By Robert Harvey, Brijesh Patel
(Reuters) -Trafigura will make provisions of $1.1 billion after an internal review discovered fraud by individuals in its Mongolian petroleum products supply business, the commodity trader said on Wednesday.
The revelation comes less than two years since Singapore-headquartered Trafigura revealed it lost over $500 million in an alleged nickel fraud.
“The misconduct included manipulation of data and documents, resulting in inflated sums being paid by Trafigura, and deliberate concealment of overdue receivables,” its statement said.
An external investigation followed the internal review and has confirmed the sum of the fraud was accumulated over five years, Trafigura said.
Mongolia is a minor consumer of oil, with its annual demand roughly amounting to just over 0.03% of the global total, according to U.S. Energy Information Administration data.
Trafigura’s $1.1-billion provision is equivalent to the approximate value of Mongolia’s oil-products consumption for an entire year, Reuters calculations show.
Trafigura said it would likely need to restate prior years’ financial statements when it reports its full-year results.
Global trading houses are facing lower profits after two years of bumper earnings from energy price spikes and volatility following Russia’s invasion of Ukraine.
Trafigura said a big chunk of the total exposure in Mongolia has been acknowledged as debt owed to Trafigura by its main counterparty in Mongolia.
“We intend to hold the counterparty to their repayment obligation,” Trafigura said. It did not name the counterparty.
“We are confident that this issue is isolated to a self-contained operation in Mongolia.
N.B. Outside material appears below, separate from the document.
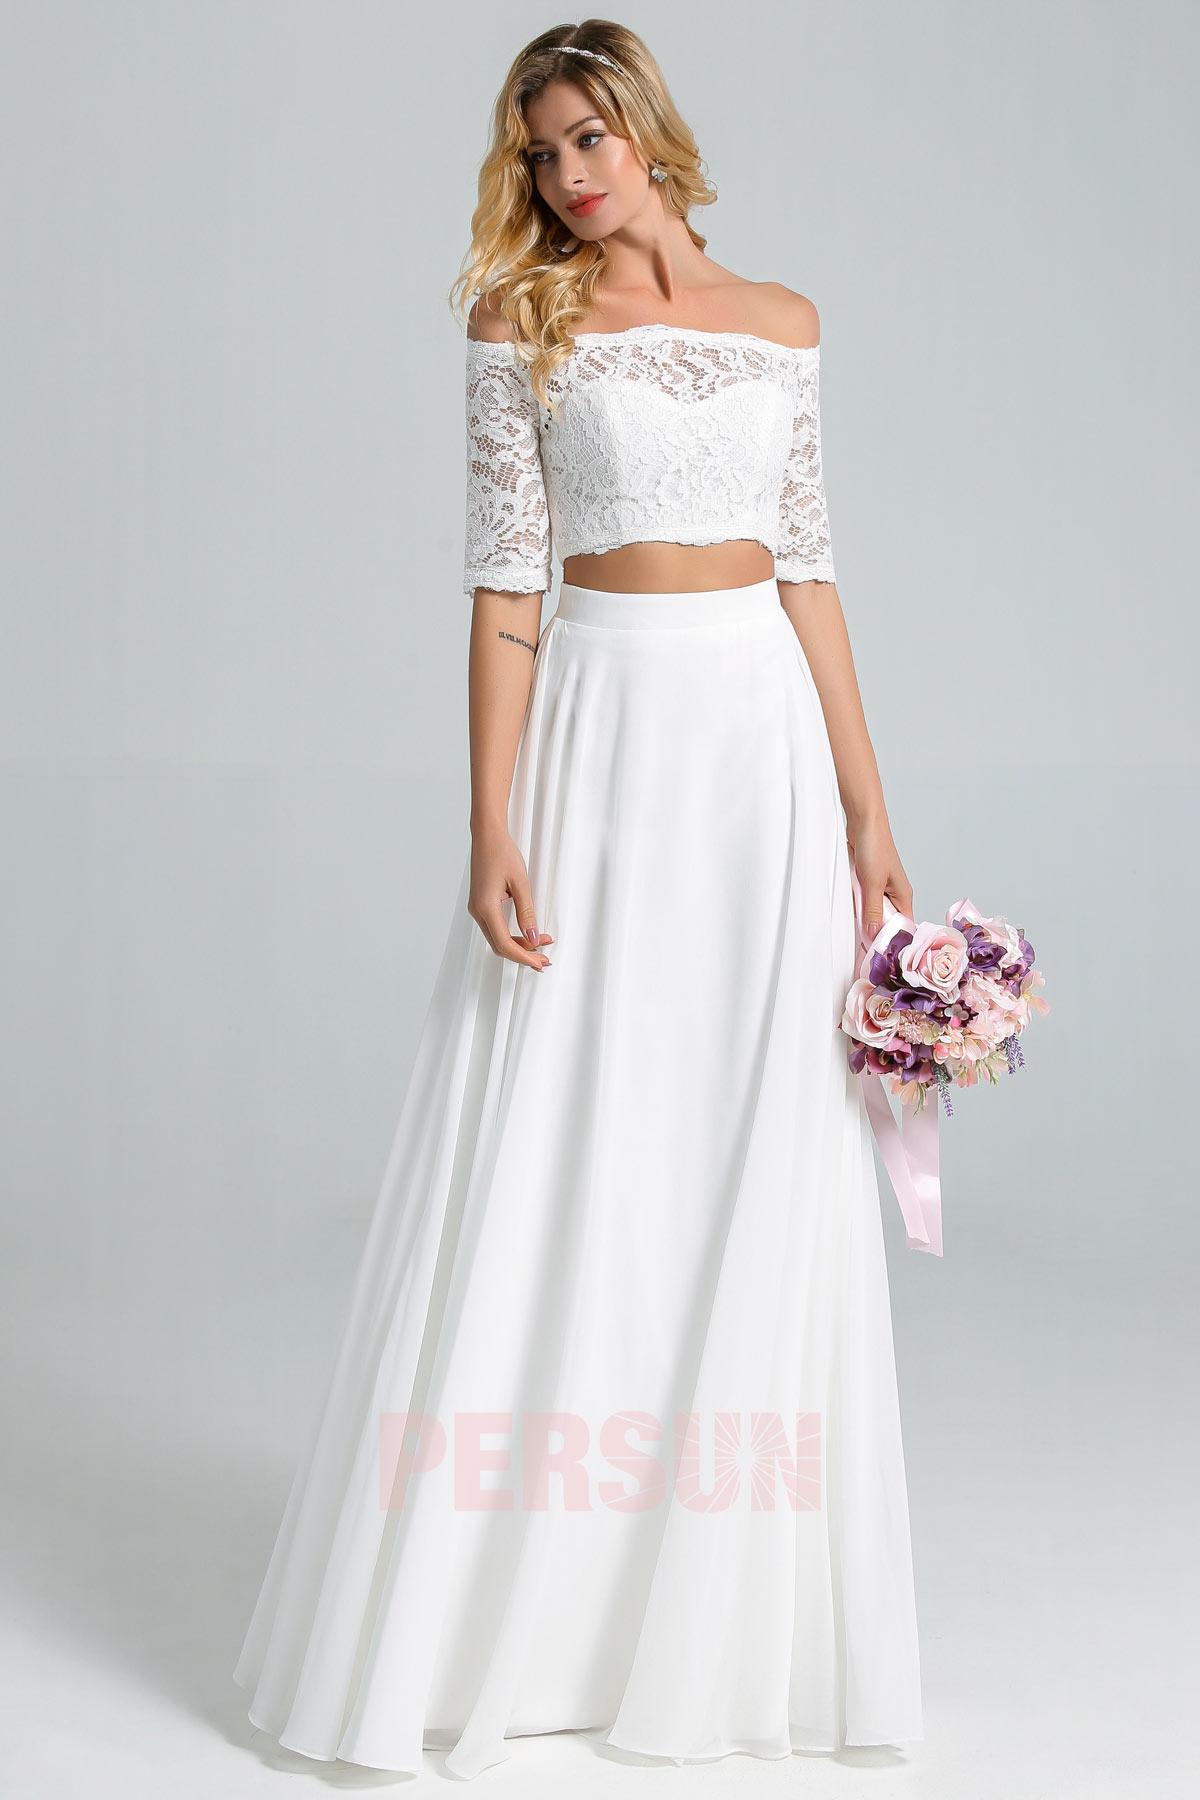 robe de mariage 2 pièce haut en dentelle col bardot manche courte

Nonetheless, we are taking further actions to improve oversight and controls across the group,” Trafigura Executive Chair and CEO Jeremy Weir said.
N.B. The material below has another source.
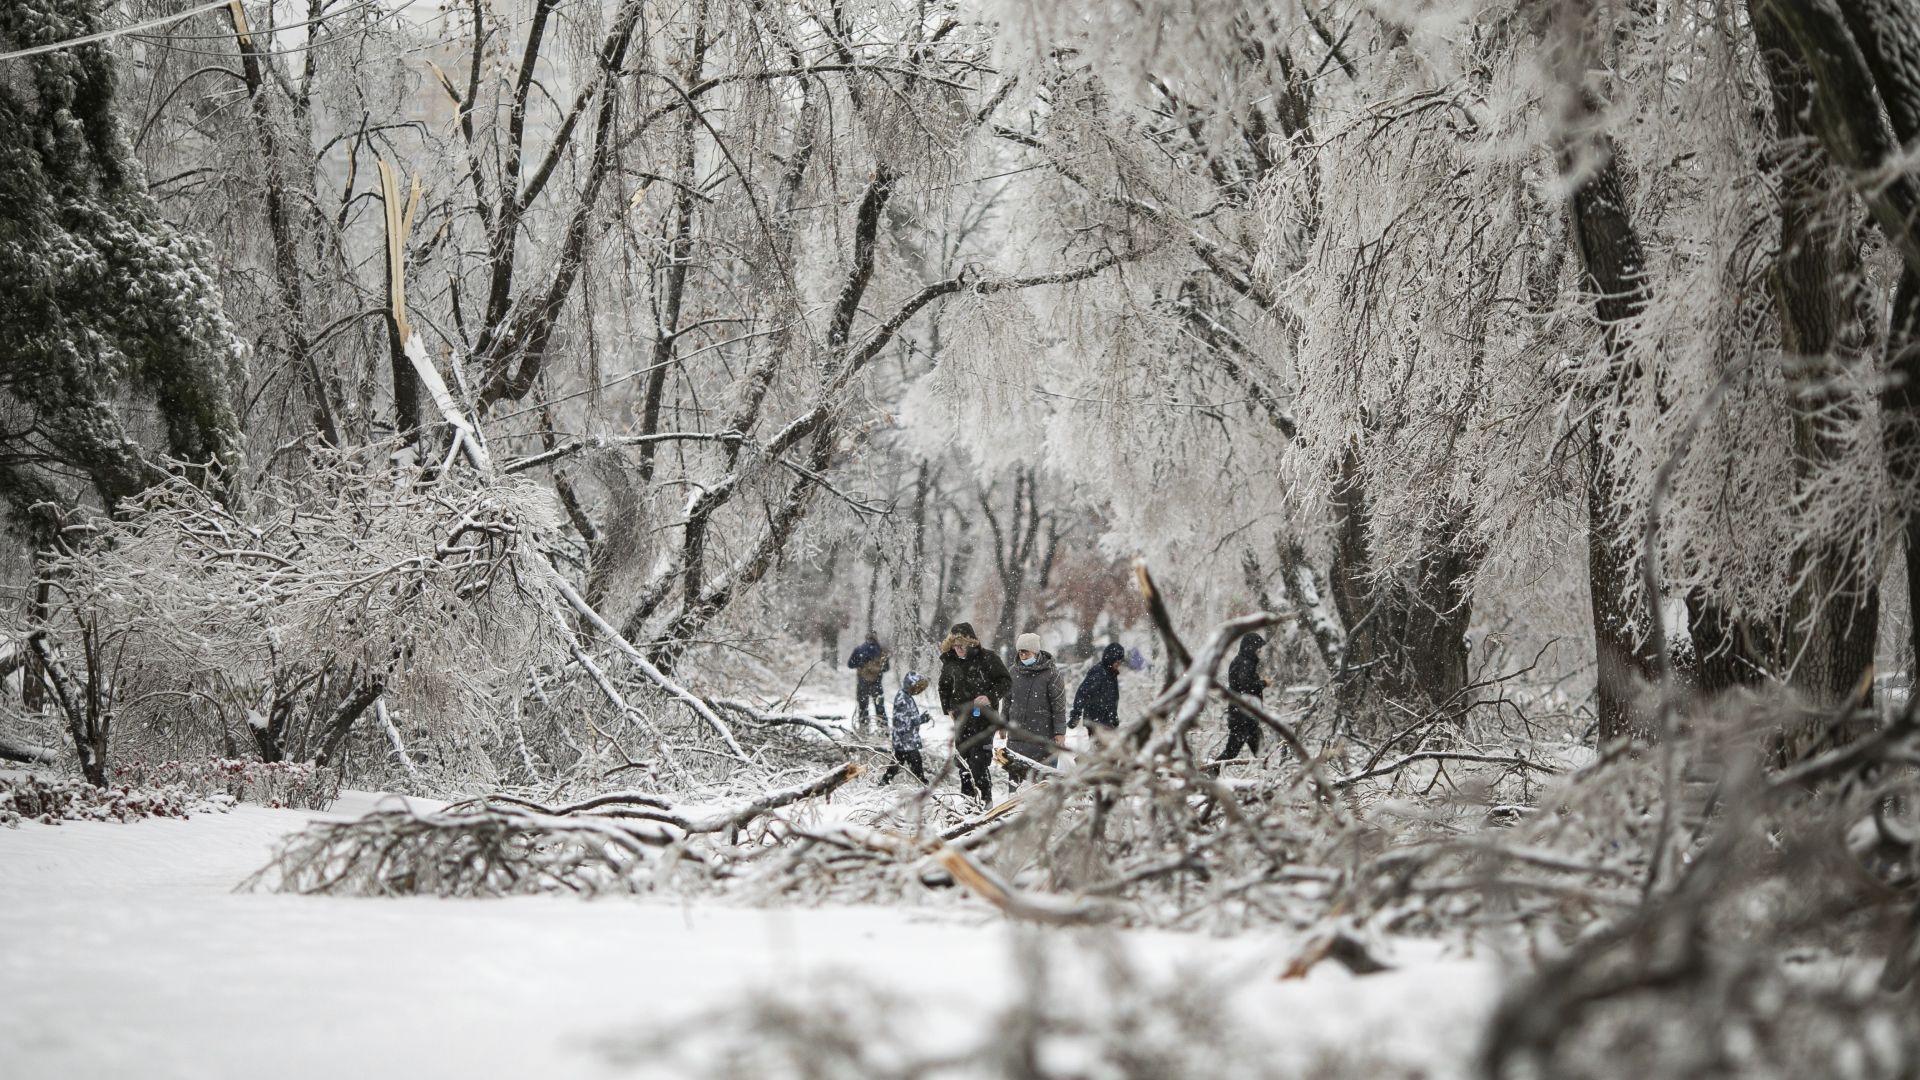 Безпрецедентна ледена буря остави хиляди хора в руския Далечен изток без ток и отопление (снимки)

Trafigura’s metals business in Mongolia, which is handled from outside the country, has not been affected and is continuing as usual, the firm told Reuters.
The announcement is the latest in a string of costly fraud and misconduct issues at the global commodity trading house.
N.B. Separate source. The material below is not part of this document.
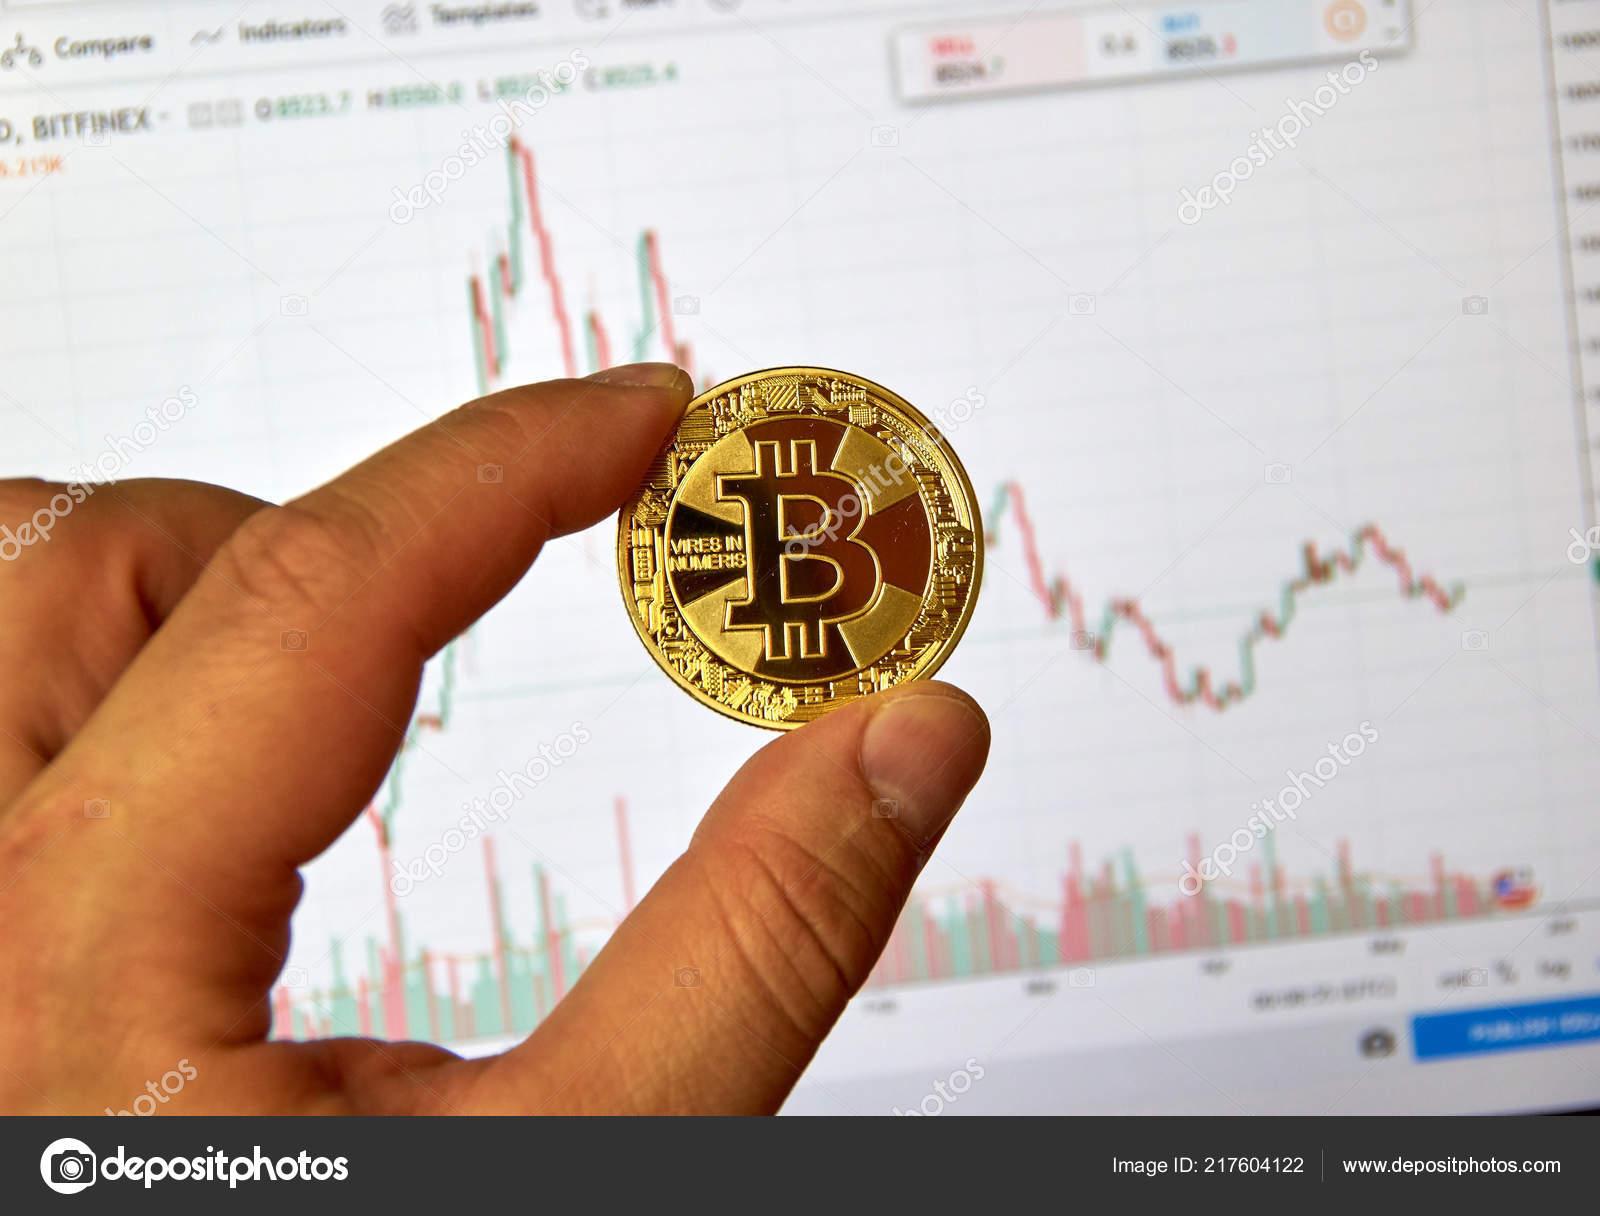 beat game win bitcoin

Trafigura booked a $577-million charge in the first half of 2023 after discovering that some nickel cargoes it received did not contain the metal, in a case of “systemic fraud.”
In May, Trafigura agreed to pay a $55-million civil fine to settle U.S. Commodity Futures Trading Commission charges, while in March it agreed to pay $127 million to resolve a U.S. Department of Justice probe into Brazil.